Question

In a potato race, a bucket is placed at the starting point, which is 5m from the first potato, and the other potatoes are placed 3m apart in a straight line. There are n potatoes in the line. A competitor starts from the bucket, picks up the nearest potato, runs back with it, drops it in the bucket, runs back to pick up the next potato, runs to the bucket to drop it in the bucket and she continues in the same way until all the potatoes are in the bucket. What is the total distance the competitor has to run?

Answer 1

Hint: In this question, the distance of potatoes and bucket along with way of picking and dropping potatoes is given. We have to calculate the total distance the competitor has to run to finish the race after picking n number of potatoes. For this, we will deduct distance from bucket to the first potato to the bucket and similarly distance from bucket to second potato to the bucket and so on. We will find that distance covered for first, second, third . . . . . . . ${{n}^{th}}$ potatoes forms an arithmetic progression, and hence we will use properties of AP to find the total distance covered. Total distance will be the sum of all terms (sum of all distance) and hence will be given by ${{S}_{n}}=\dfrac{n}{2}\left( 2a+\left( n-1 \right)d \right)$ where, a is the first term, d is the common difference and n is the number of terms.
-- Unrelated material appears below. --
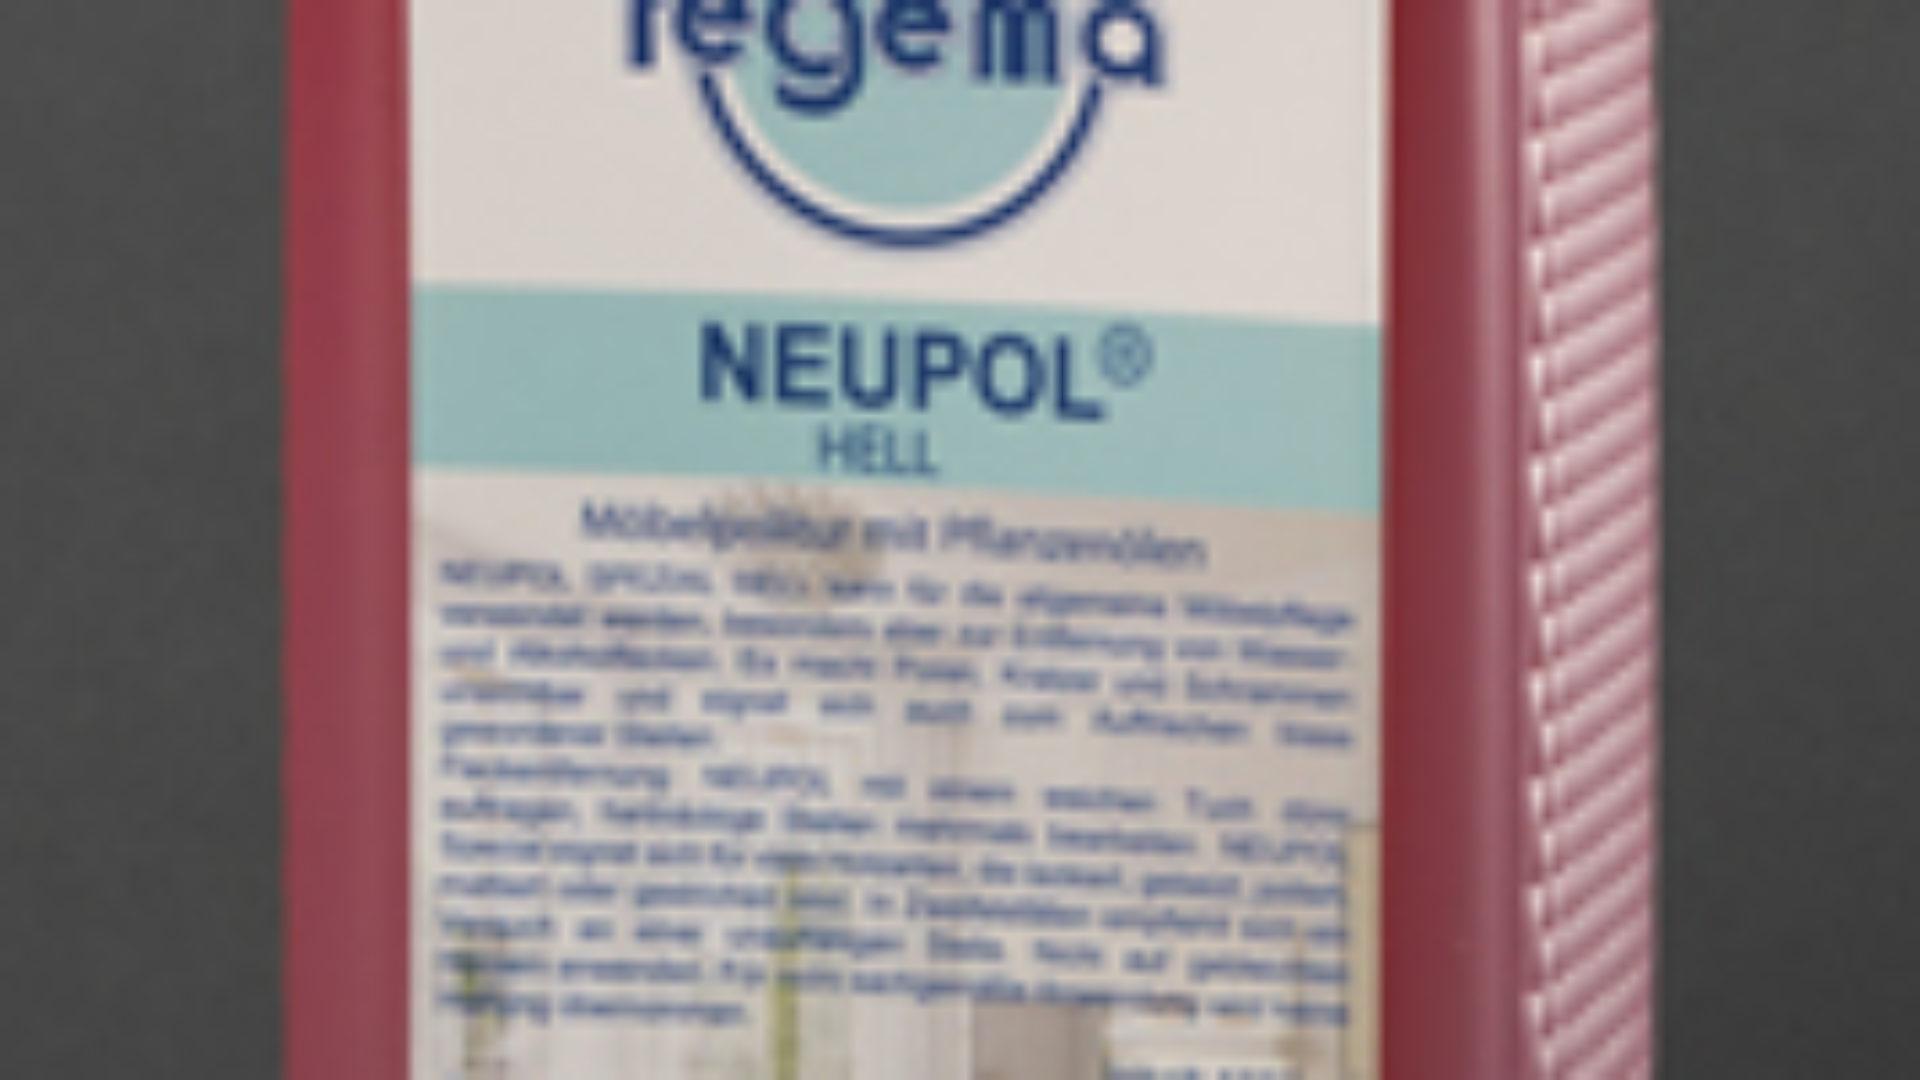 Neupol-hell Tischlerei Gassner Nationalpark Gesäuse Zimmer Gassner Ferienwohnungen

Complete step-by-step solution:
Here, we are given the distance between the first potato and bucket as 5m. The competitor ran towards the potato, pick it, and came back to the bucket to drop it. So, the distance covered for one potato will be (5+5)m = 10m.
Now, for the second potato, the competitor will run towards the second potato placed at 3m from the first potato. So, the distance from the bucket to the second potato will be 5+3 = 8m. Distance for picking and dropping the second potato will become 8+8 = 16m.
Similarly, for third, the distance between the bucket and the third potato will be 8+3 = 11m, and the distance covered by the competitor to pick and drop potato will be 11+11 = 22m.
Hence, distance can be listed as 10, 16, 22 . . . . . . . .
As we can see, this series forms an arithmetic progression with the first term as 10 and the common difference as 16-10 = 22-16 = 6.
Therefore, a = 10 and d = 6.
Sum of n terms of an AP is given by ${{S}_{n}}=\dfrac{n}{2}\left( 2a+\left( n-1 \right)d \right)$.
Here, a = 10 and d = 6. Competitor ran for n potatoes, therefore, n will be n only. Hence, total distance covered will be given as
\[\begin{align}
  & {{S}_{n}}=\dfrac{n}{2}\left( 2\times 10+\left( n-1 \right)6 \right) \\
 & = \dfrac{n}{2}\left( 20+6n-6 \right) \\
 & = \dfrac{n}{2}\left( 14+6n \right) \\
 &= n\left( 7+3n \right) \\
 & = 7n+3{{n}^{2}} \\
\end{align}\]
Hence, required distance covered is $3{{n}^{2}}+7n$.

Note: Students can make the mistake of considering the distance of one side only. Here, take care that the distance between the first potato and the bucket is different than the distance between consecutive potatoes. We have found distance for picking and dropping n potatoes which means we can put any value of potatoes in the answer to find the distance. For example, if there were 10 potatoes, distance covered would be $\Rightarrow 3{{\left( 10 \right)}^{2}}+7\left( 10 \right)=300+70=370m$.